[QST] how to fix the compiling error: static assertion failed with "Vectors implied by the thread map must be divisible by the access type."
What is your question? I am trying to change the type in example '24_gemm_grouped' from cutlass::half_t to double. I have change ThreadblockShape/WarpShape/InstructionShape. it works fine for class GemmBatched
// Gemm operator cutlass_tensorop_f16_s16816gemm_f16_128x128_32x4_nt_align8
using GemmBatched = cutlass::gemm::device::GemmUniversal<
ElementA, LayoutA,
ElementB, LayoutB,
ElementOutput, LayoutC,
ElementAccumulator,
cutlass::arch::OpClassTensorOp,
cutlass::arch::Sm80,
cutlass::gemm::GemmShape<128, 128, 16>,
cutlass::gemm::GemmShape<32, 64, 16>,
cutlass::gemm::GemmShape<8, 8, 4>,
cutlass::epilogue::thread::LinearCombination<
ElementOutput,
128 / cutlass::sizeof_bits<ElementOutput>::value,
ElementAccumulator,
ElementAccumulator
>,
cutlass::gemm::threadblock::GemmIdentityThreadblockSwizzle<8>,
4
>;
I also do the similar change in class GemmKernel, but compiler reports "cutlass-main/include/cutlass/transform/threadblock/predicated_tile_access_iterator.h(360): error: static assertion failed with "Vectors implied by the thread map must be divisible by the access type."" How can I fix it?

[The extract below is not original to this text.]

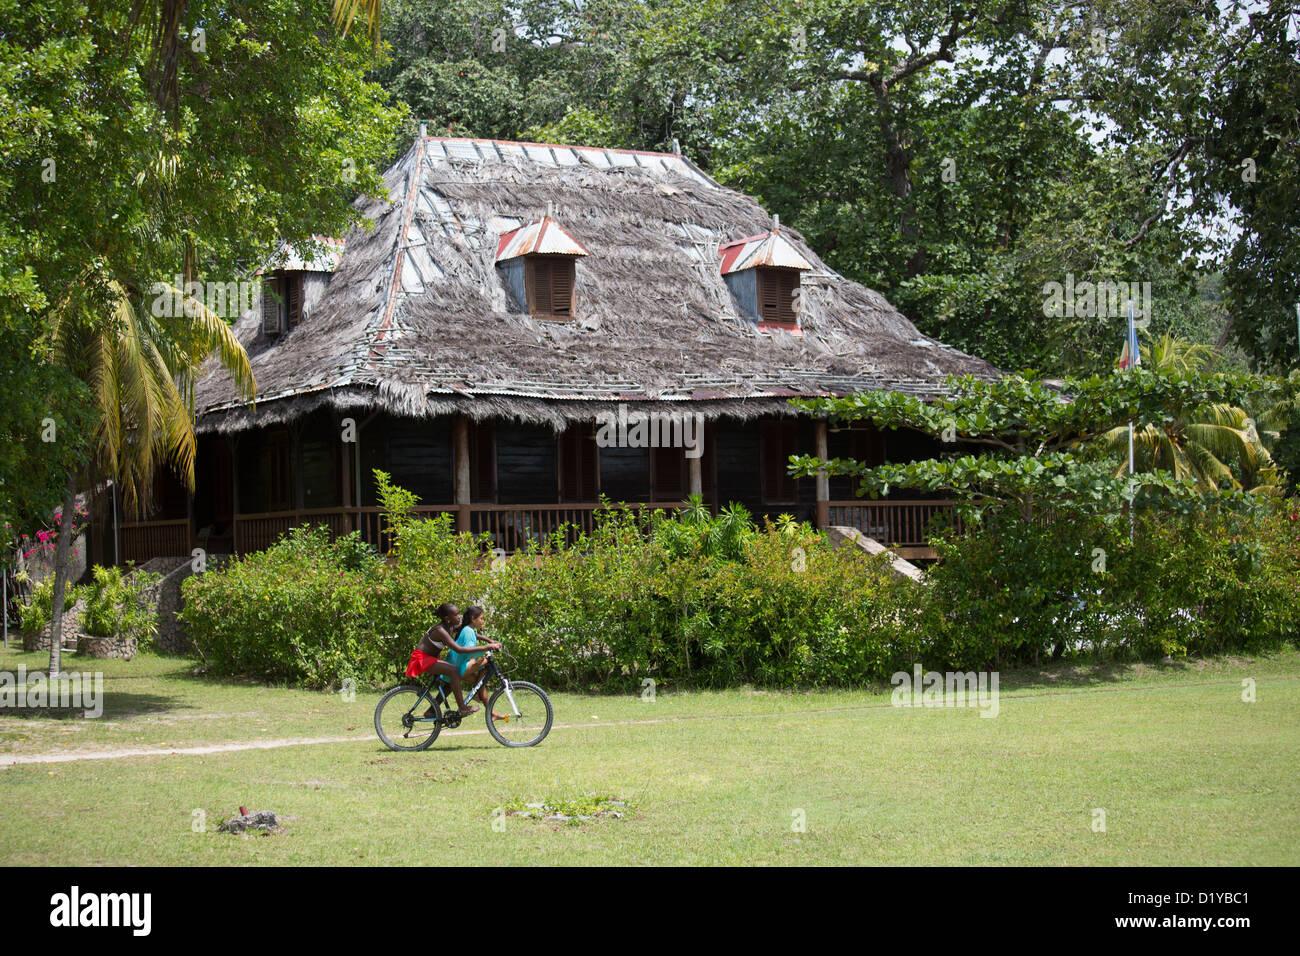 Plantation House, L' Union Estate, La Digue Island, Seychelles - Stock Image

using GemmKernel = typename cutlass::gemm::kernel::DefaultGemmGrouped<
ElementA,
LayoutA,
cutlass::ComplexTransform::kNone,
8,
ElementB,
LayoutB,
cutlass::ComplexTransform::kNone,
8,
ElementOutput, LayoutC,
ElementAccumulator,
cutlass::arch::OpClassTensorOp,
cutlass::arch::Sm80,
cutlass::gemm::GemmShape<128, 128, 16>,
cutlass::gemm::GemmShape<32, 64, 16>,
cutlass::gemm::GemmShape<8, 8, 4>,
cutlass::epilogue::thread::LinearCombination<
ElementOutput, 128 / cutlass::sizeof_bits<ElementOutput>::value,
ElementAccumulator, ElementAccumulator>,
// NOTE: Threadblock swizzling is currently not supported by CUTLASS's grouped kernels.

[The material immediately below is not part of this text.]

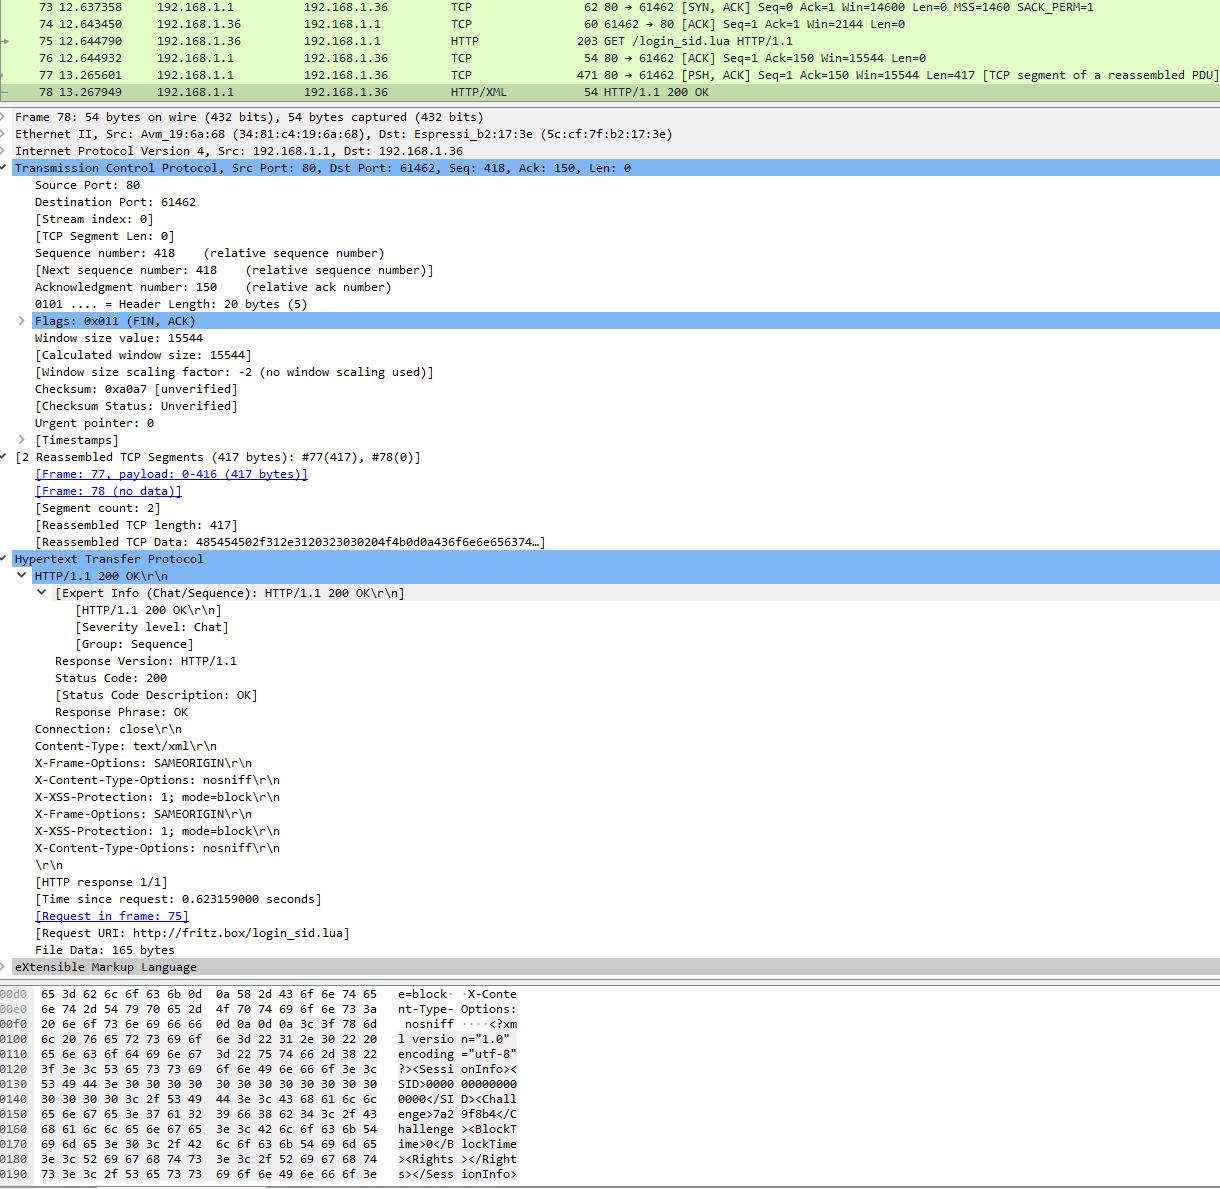 ESP8266HTTPclient http getstring() causing delays since

// This parameter is passed in at present to match the APIs of other kernels. The parameter
// is unused within the kernel.
cutlass::gemm::threadblock::GemmBatchedIdentityThreadblockSwizzle,
4>::GemmKernel;
using GemmGrouped = cutlass::gemm::device::GemmGrouped<GemmKernel>;
Thanks
I found the compilation error can be fixed by changing the template param AlignmentA/AlignmentB from 8 to 1, any explanation?
using GemmKernel = typename cutlass::gemm::kernel::DefaultGemmGrouped<
ElementA,
LayoutA,
cutlass::ComplexTransform::kNone,
1,
ElementB,
LayoutB,
cutlass::ComplexTransform::kNone,
1,
ElementOutput, LayoutC,
ElementAccumulator,
cutlass::arch::OpClassTensorOp,
cutlass::arch::Sm80,
cutlass::gemm::GemmShape<128, 128, 16>,
cutlass::gemm::GemmShape<32, 64, 16>,
cutlass::gemm::GemmShape<8, 8, 4>,
cutlass::epilogue::thread::LinearCombination<
ElementOutput, 128 / cutlass::sizeof_bits<ElementOutput>::value,
ElementAccumulator, ElementAccumulator>,
// NOTE: Threadblock swizzling is currently not supported by CUTLASS's grouped kernels.

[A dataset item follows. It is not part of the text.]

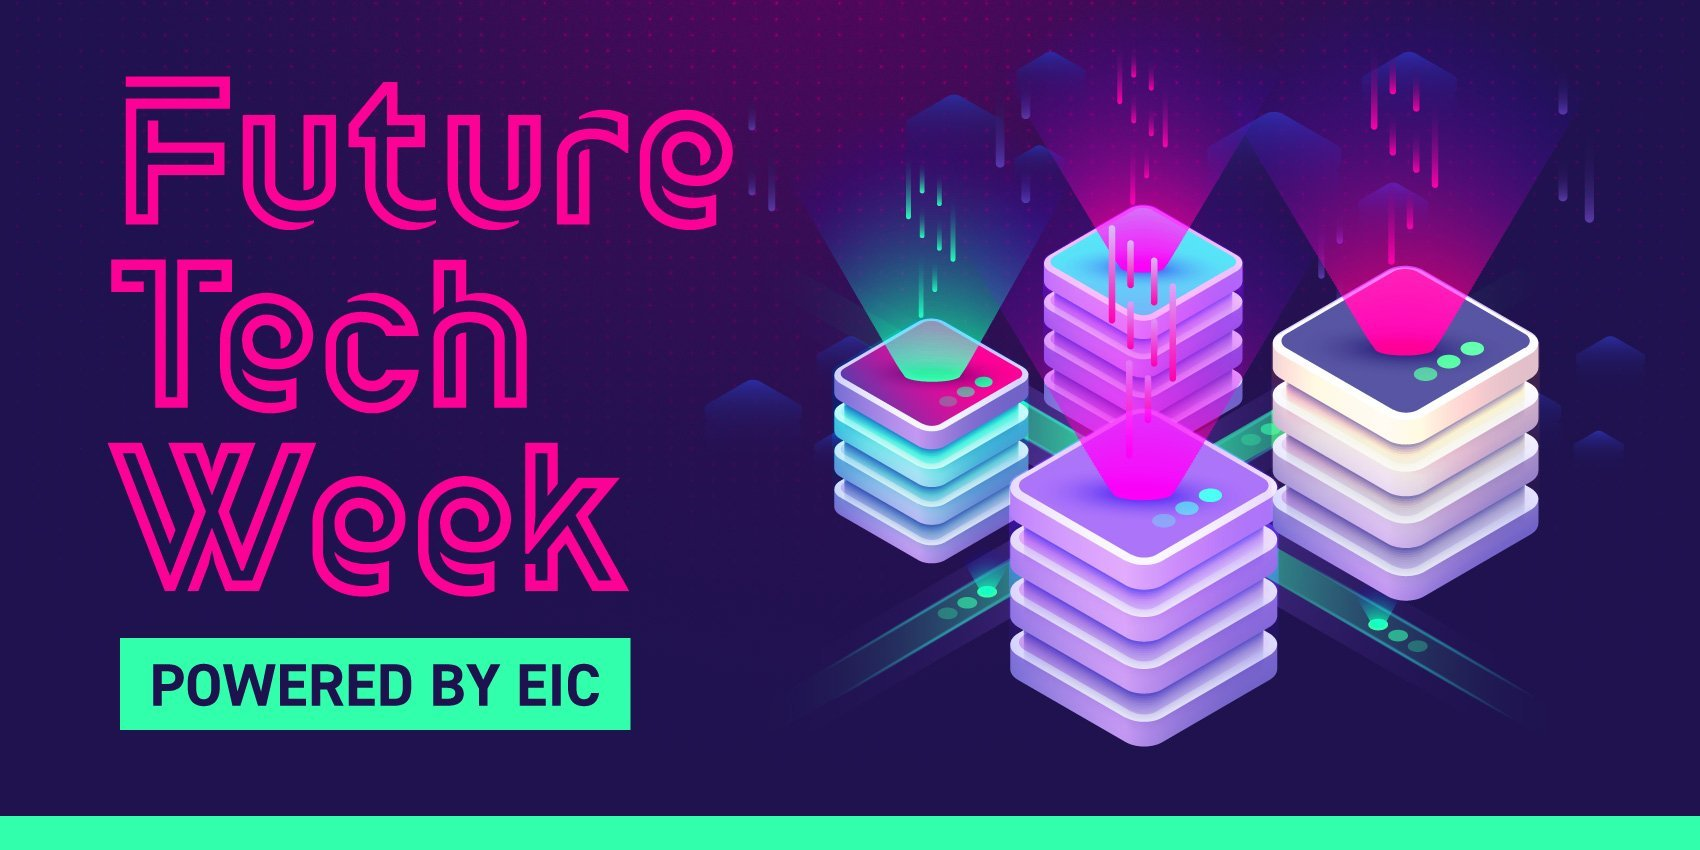 Future Tech Week 2019 - WeNet

// This parameter is passed in at present to match the APIs of other kernels. The parameter
// is unused within the kernel.
cutlass::gemm::threadblock::GemmBatchedIdentityThreadblockSwizzle,
4>::GemmKernel;
using GemmGrouped = cutlass::gemm::device::GemmGrouped<GemmKernel>;
This issue has been labeled inactive-30d due to no recent activity in the past 30 days. Please close this issue if no further response or action is needed. Otherwise, please respond with a comment indicating any updates or changes to the original issue and/or confirm this issue still needs to be addressed. This issue will be labeled inactive-90d if there is no activity in the next 60 days.
This issue has been labeled inactive-90d due to no recent activity in the past 90 days. Please close this issue if no further response or action is needed. Otherwise, please respond with a comment indicating any updates or changes to the original issue and/or confirm this issue still needs to be addressed.